Archibald Carter

Elite British officials devised the Round Table Conference and famous politicians drove its politics. Its functioning, however, was down to the coordinating efforts of (Richard Henry) Archibald Carter (1887-1958), the conference Secretary-General. Carter in many ways was a typical civil servant. Educated at Eton and Trinity College, Cambridge, his work at the India Office in London earned him the Secretary-Generalship. He oversaw the minutiae of the meetings, from document circulation to expenses and lodgings. What makes Carter unusual is his relative lack of archival trace. No private papers or memoir survives, although his initials appear on countless documents and in many notes of thanks, including one from the Secretary of State for India, who wrote to Carter on 27th January 1931 on behalf of the Prime Minster, praising his tireless energy in doing the ‘…heavywork behind the scenes’.

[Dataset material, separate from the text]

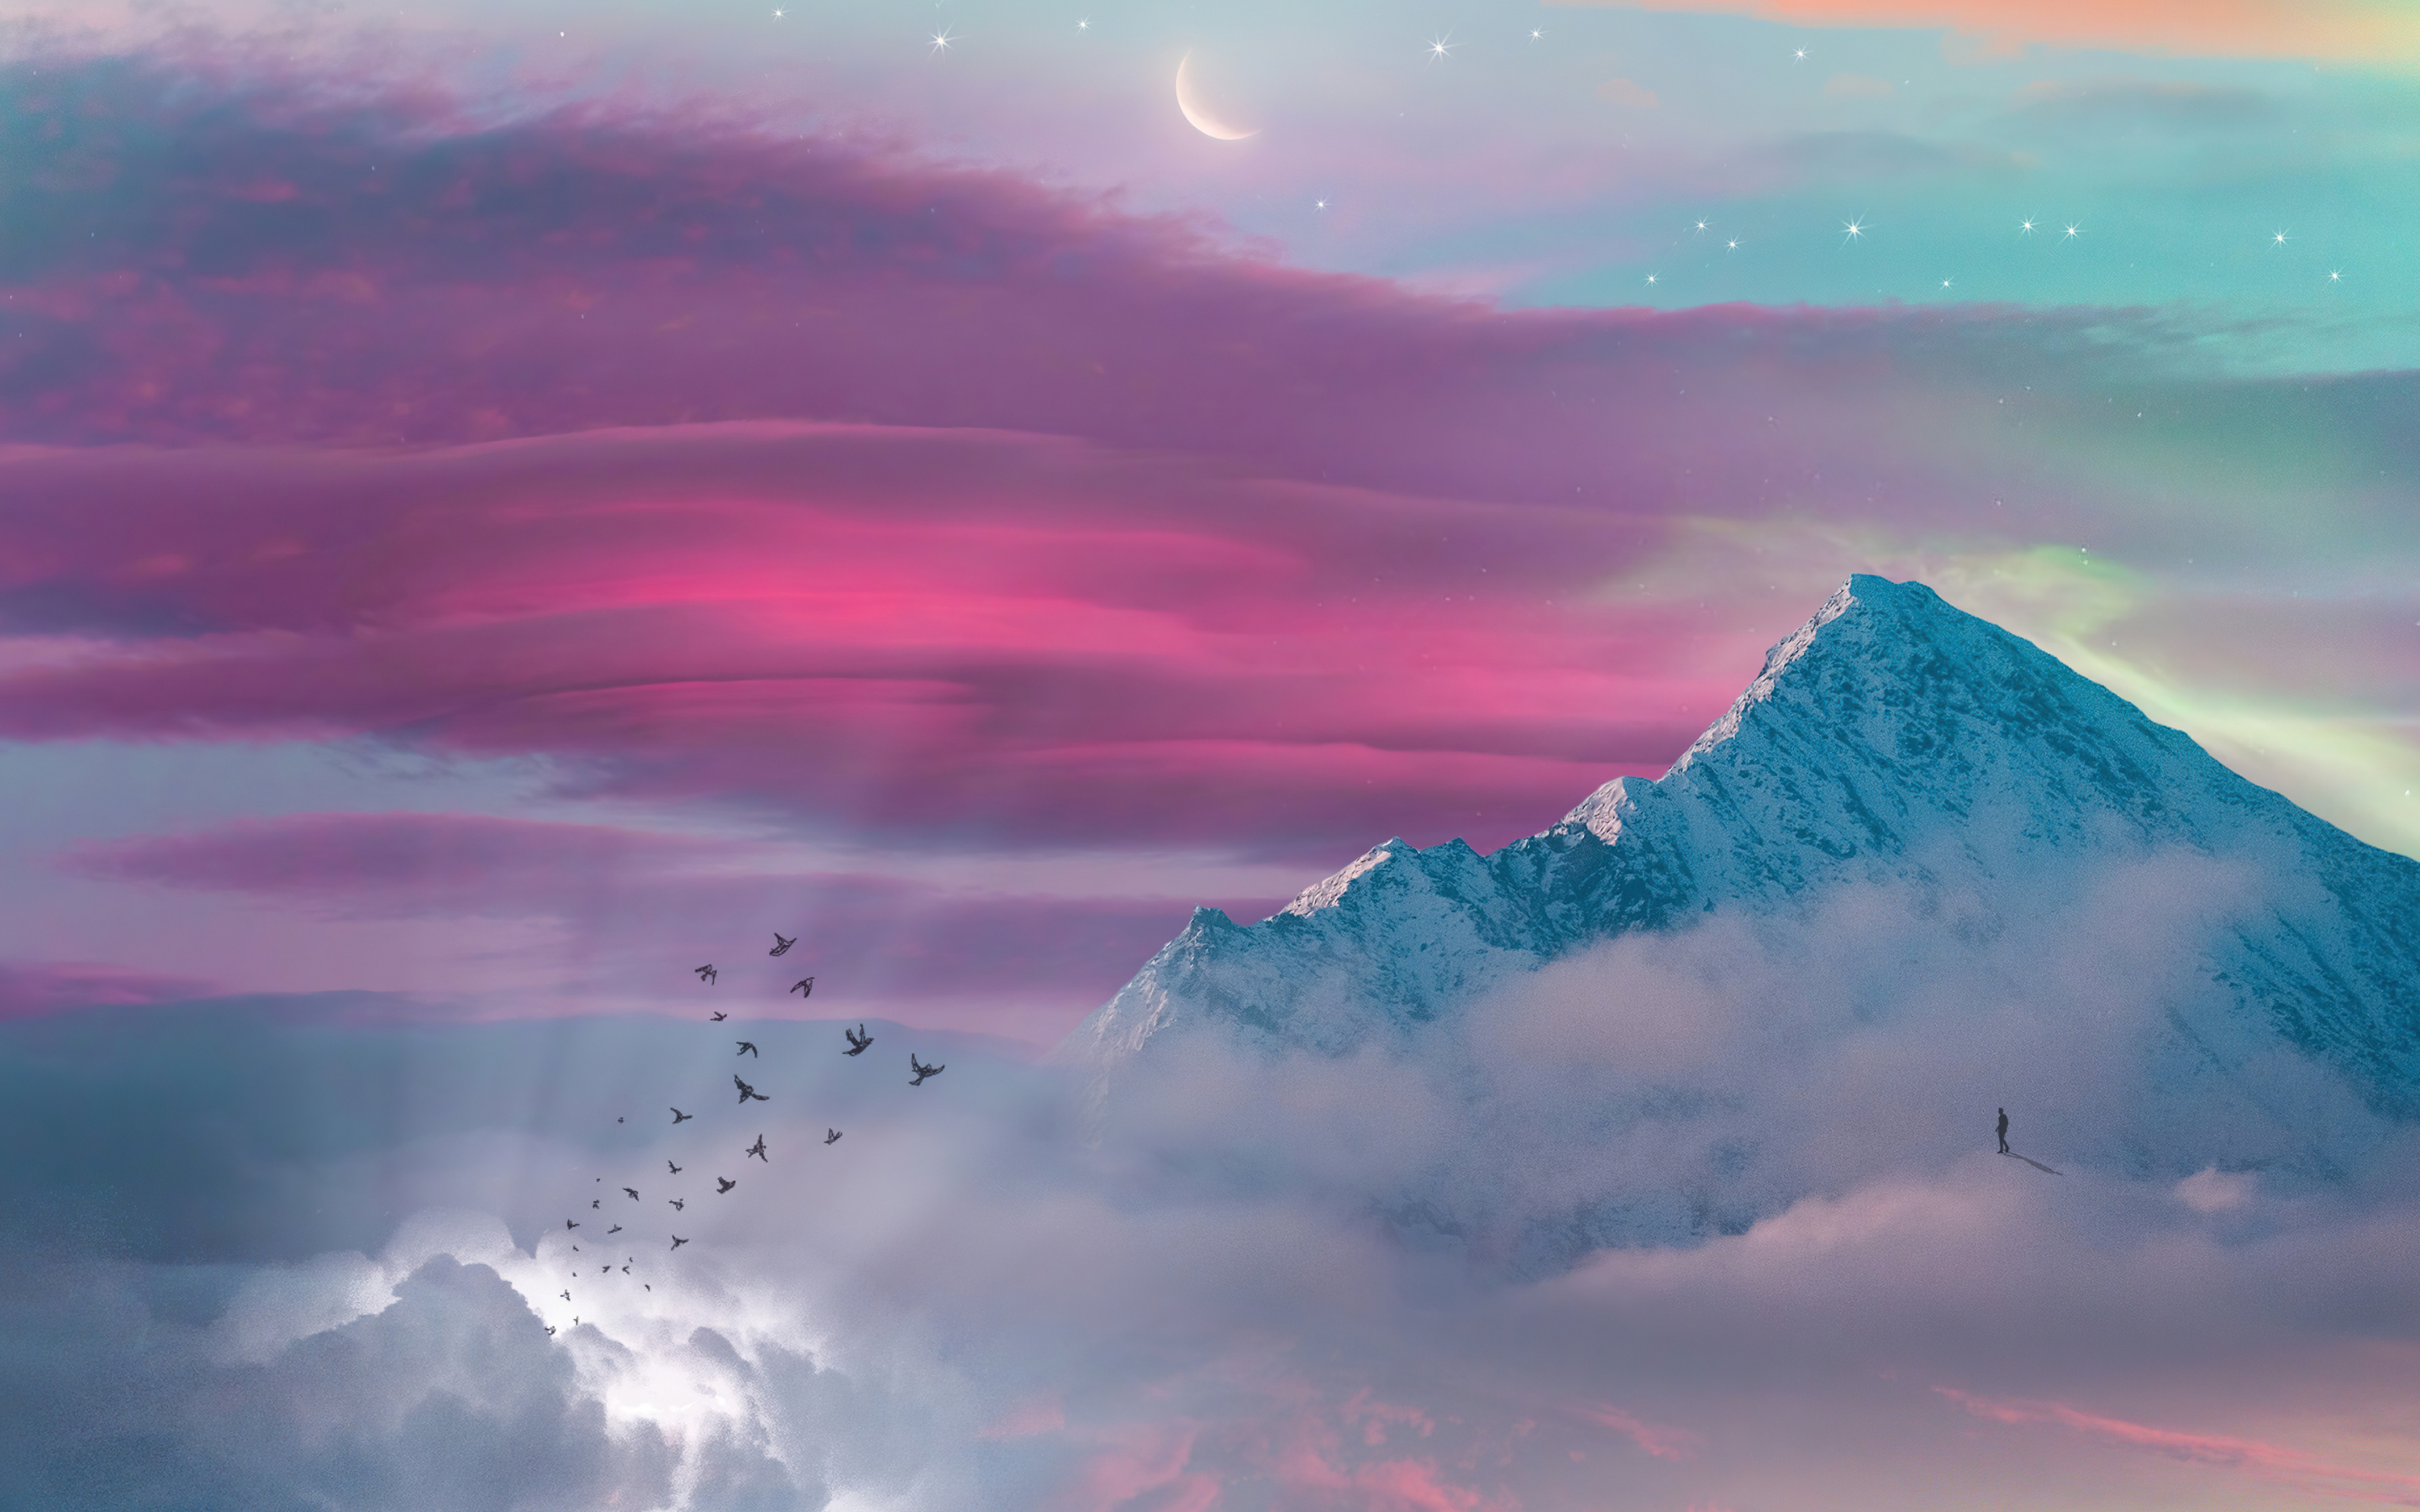 Dreaming life, glacier mountain, beautiful sky and sunset, 2880x1800 wallpaper

ILN 39.11.25. Carter Churchill elusive.jpg

After the Round Table Conference, Carter served in the India Office before being appointed Permanent Secretary of the Admiralty between 1936-40. As the senior most civil servant responsible for the Royal Navy, Carter answered directly to the First Lord of the Admiralty, who from 3rd September 1939 was Winston Churchill. Sitting to Churchill’s left here, Carter almost manages to avoid the lens entirely.